> [EXERCISE] When you reach a picture, pass over it; otherwise repeat the listing word for word.

> [DATA PROVIDED]
****
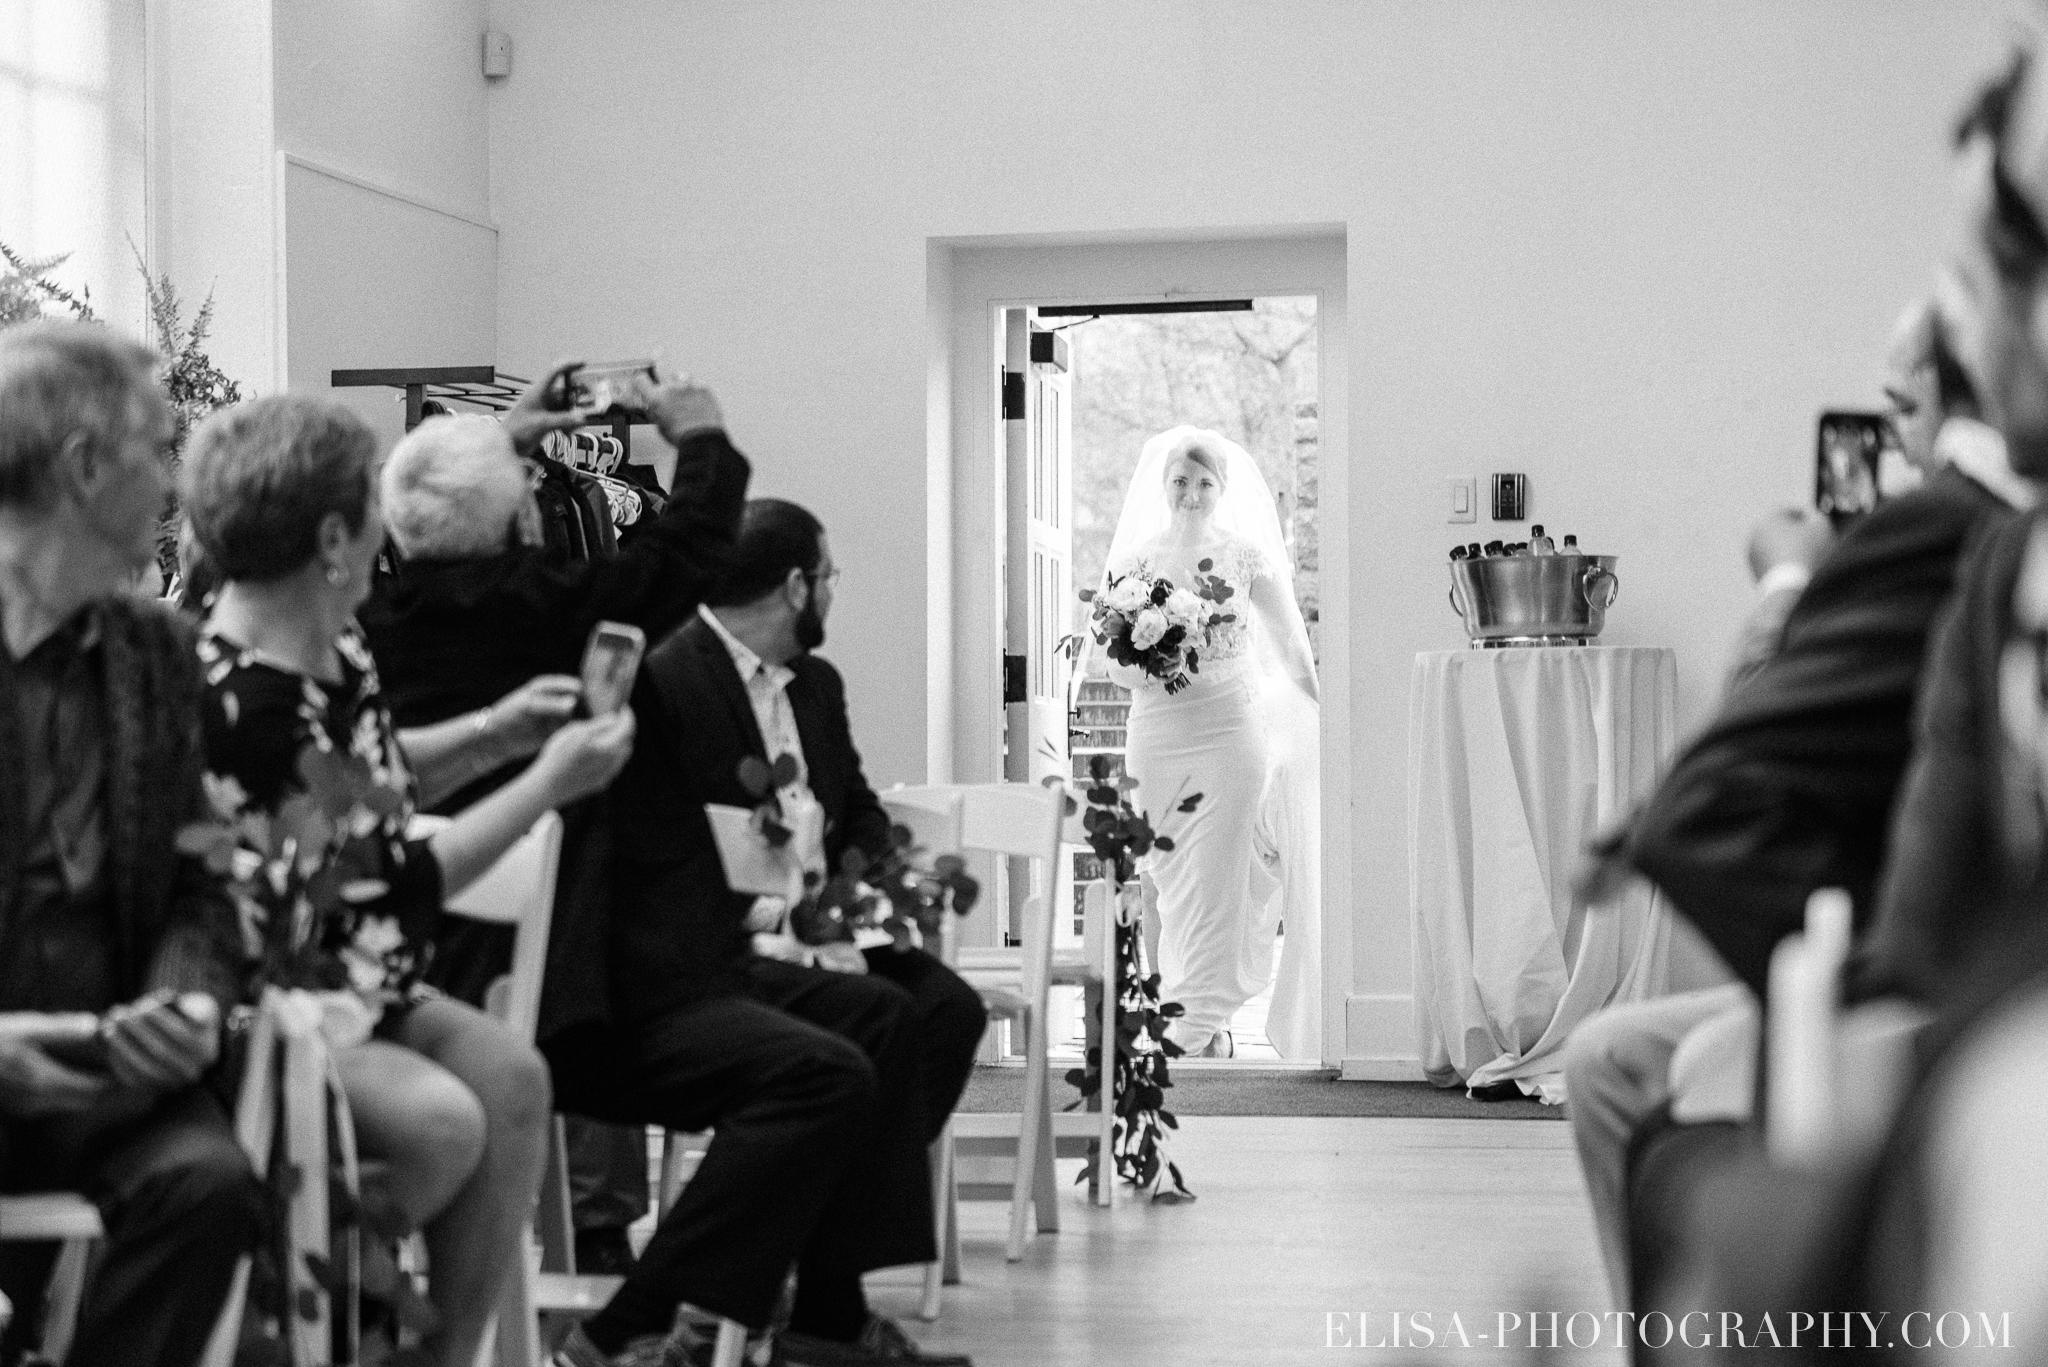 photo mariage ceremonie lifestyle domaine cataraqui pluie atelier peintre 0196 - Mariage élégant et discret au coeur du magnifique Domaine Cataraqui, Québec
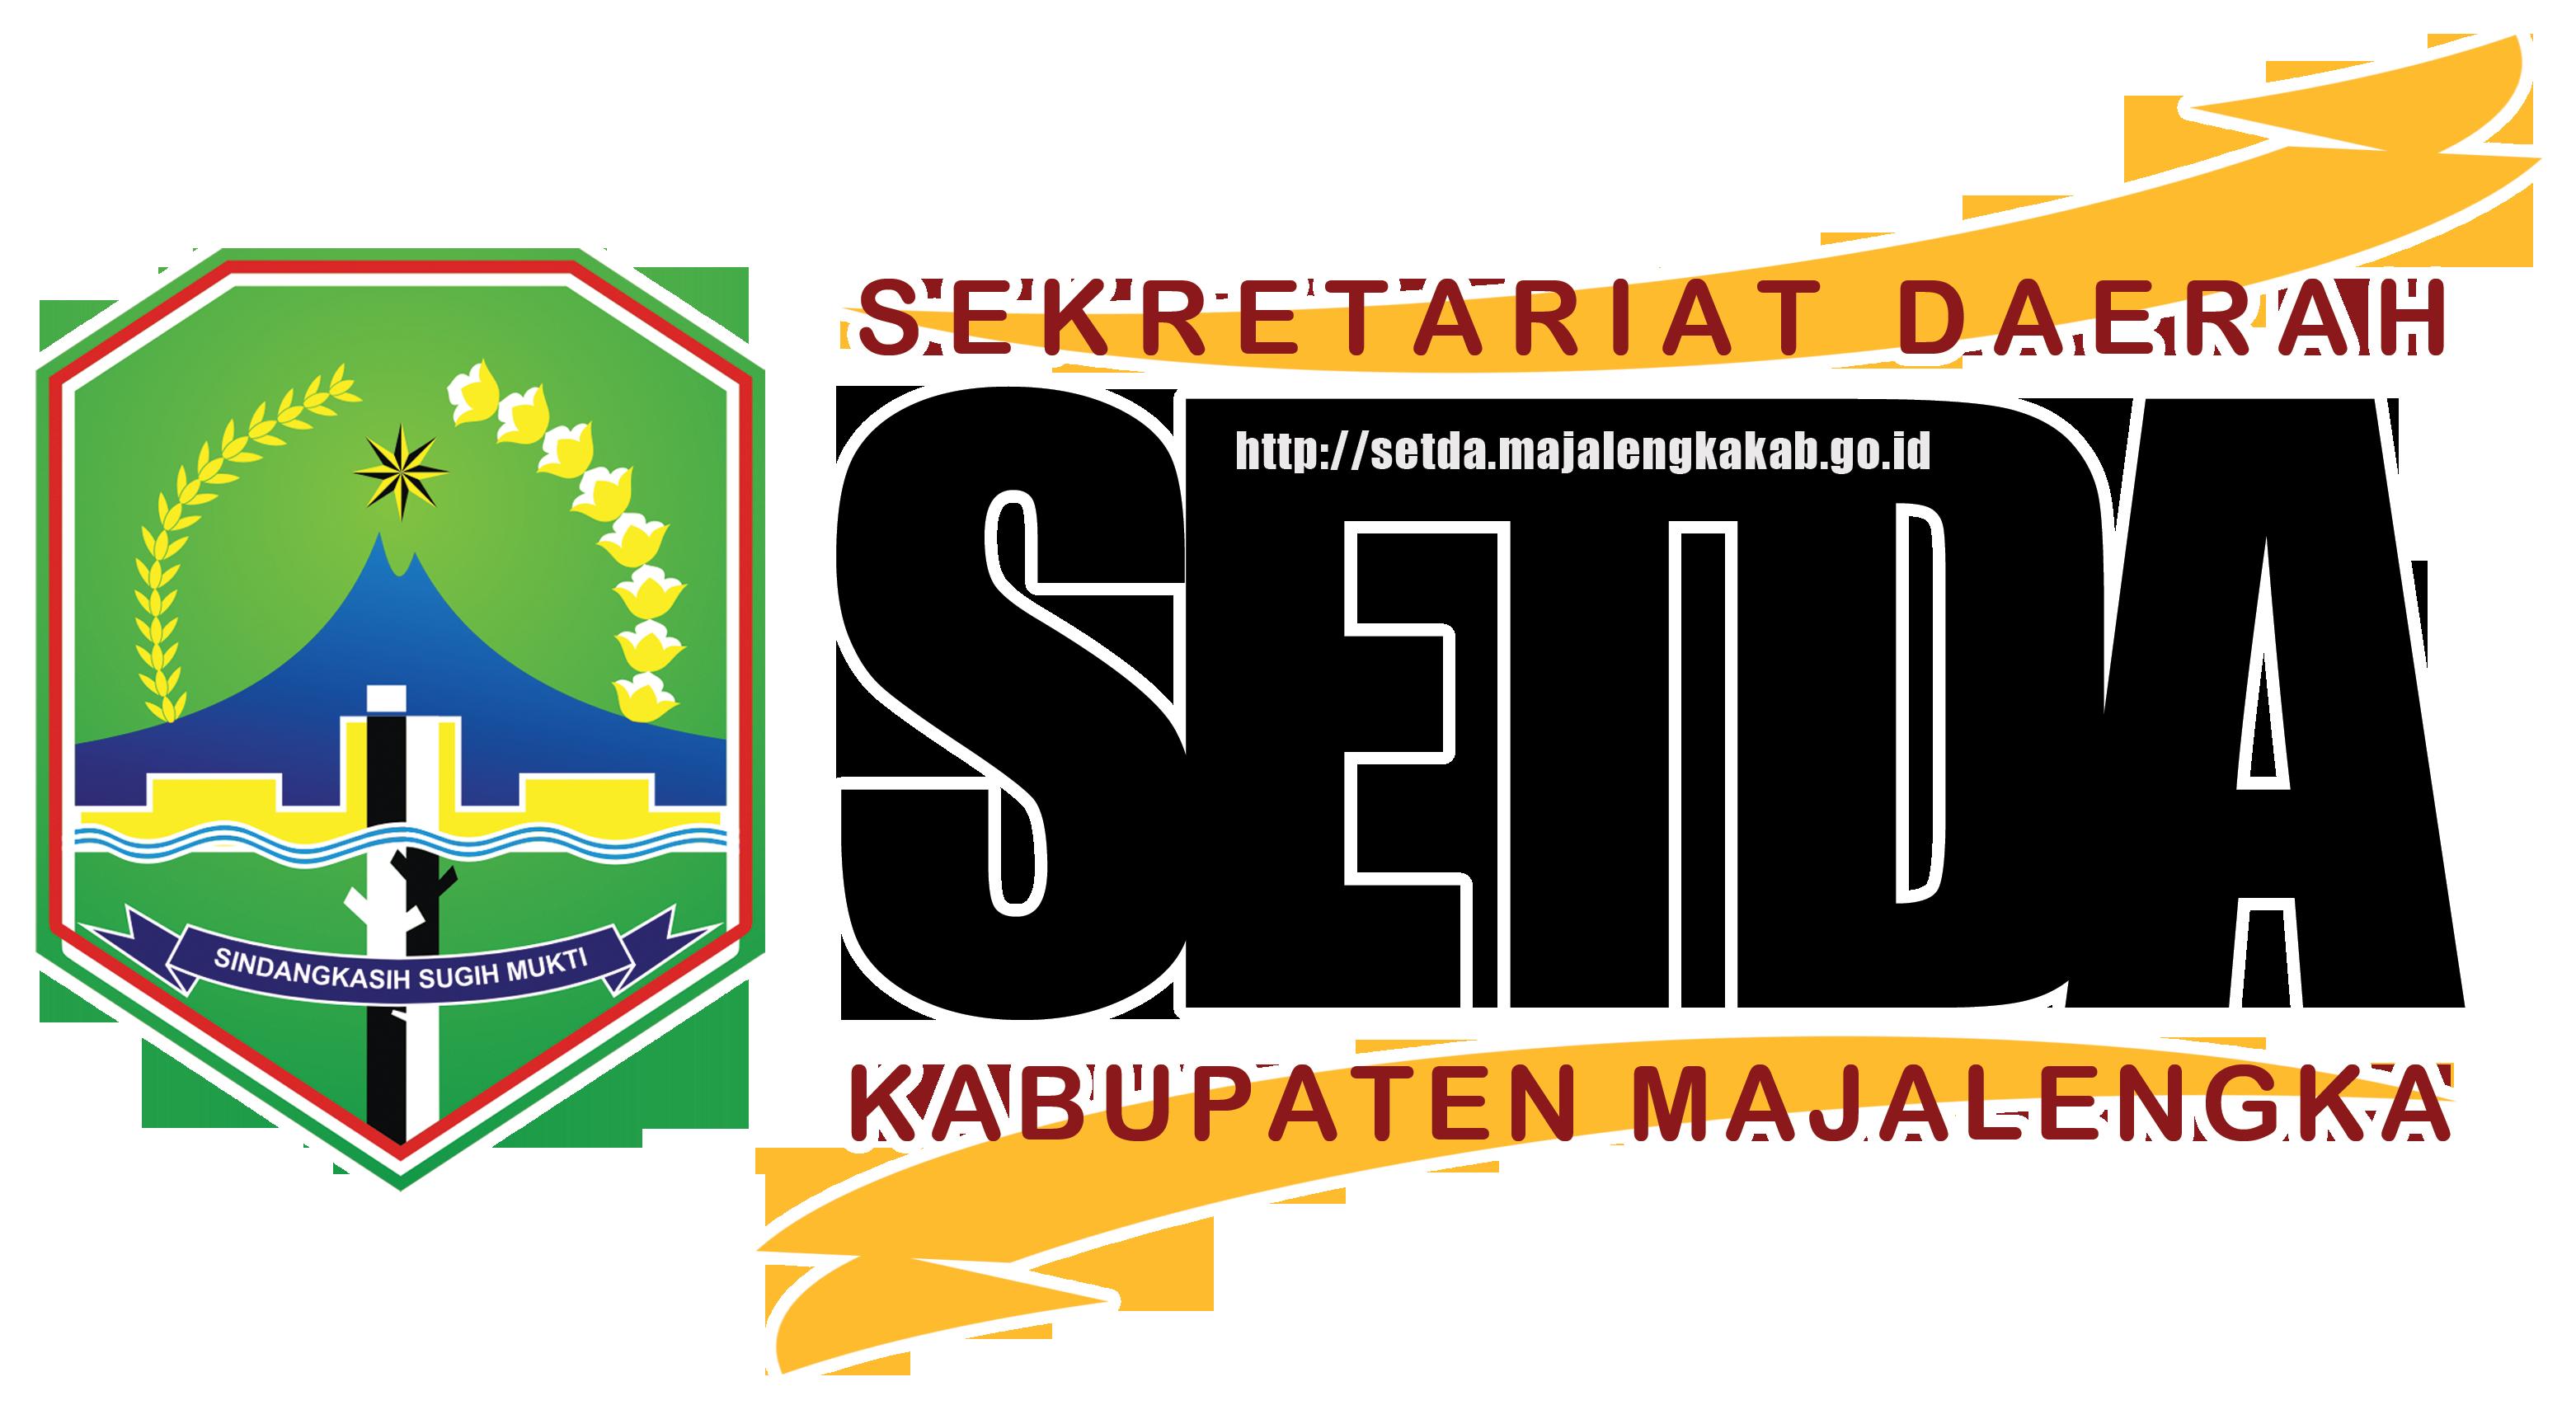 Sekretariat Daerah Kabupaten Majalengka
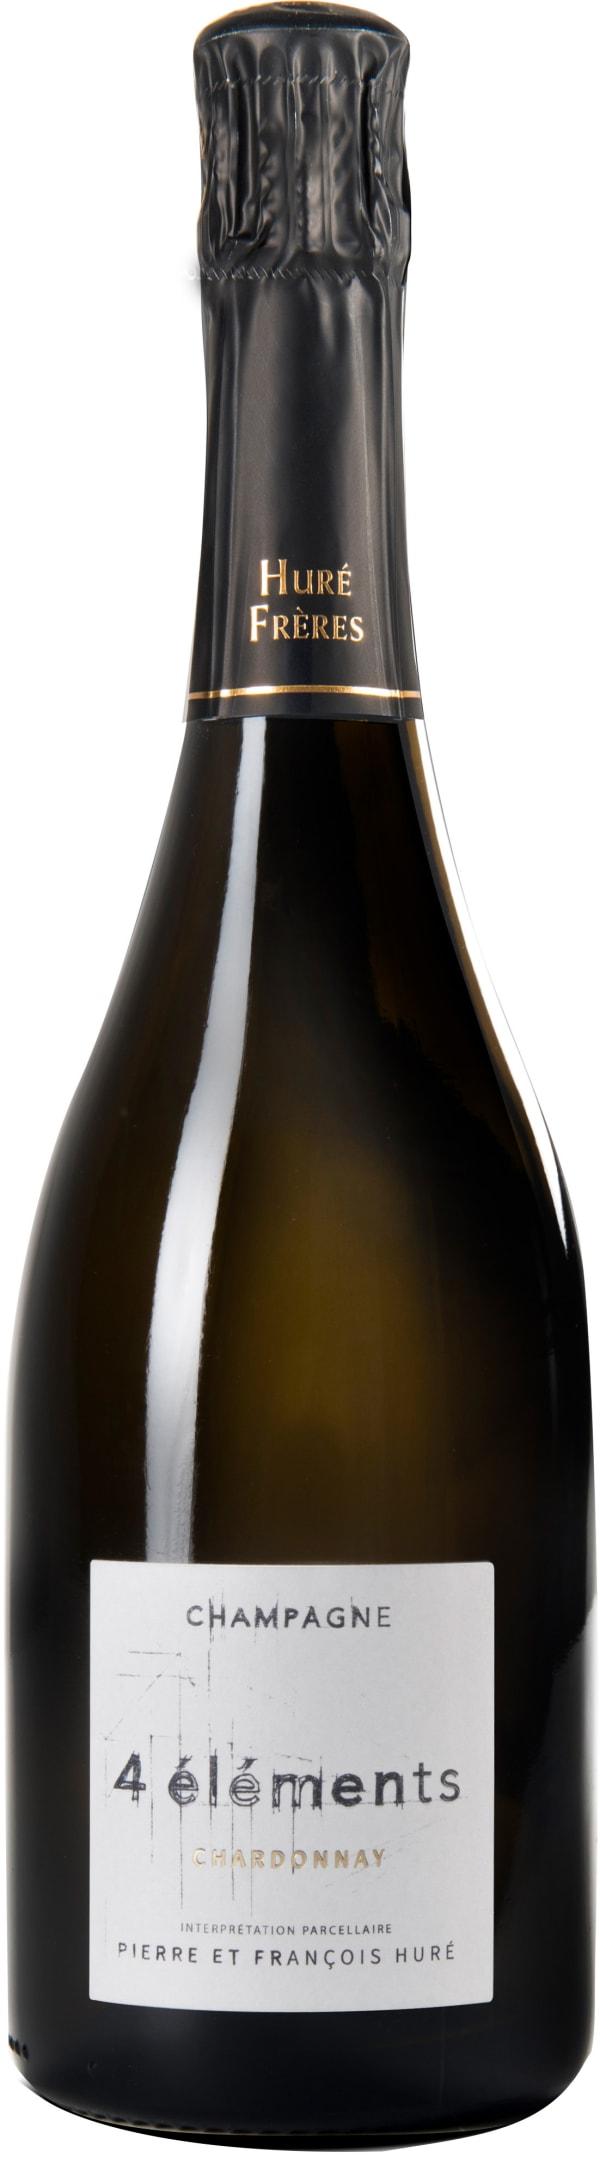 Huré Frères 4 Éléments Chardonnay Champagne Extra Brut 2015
****
> [EXERCISE ANSWER]
 photo mariage ceremonie lifestyle domaine cataraqui pluie atelier peintre 0196 - Mariage élégant et discret au coeur du magnifique Domaine Cataraqui, Québec
 Sekretariat Daerah Kabupaten Majalengka
 Huré Frères 4 Éléments Chardonnay Champagne Extra Brut 2015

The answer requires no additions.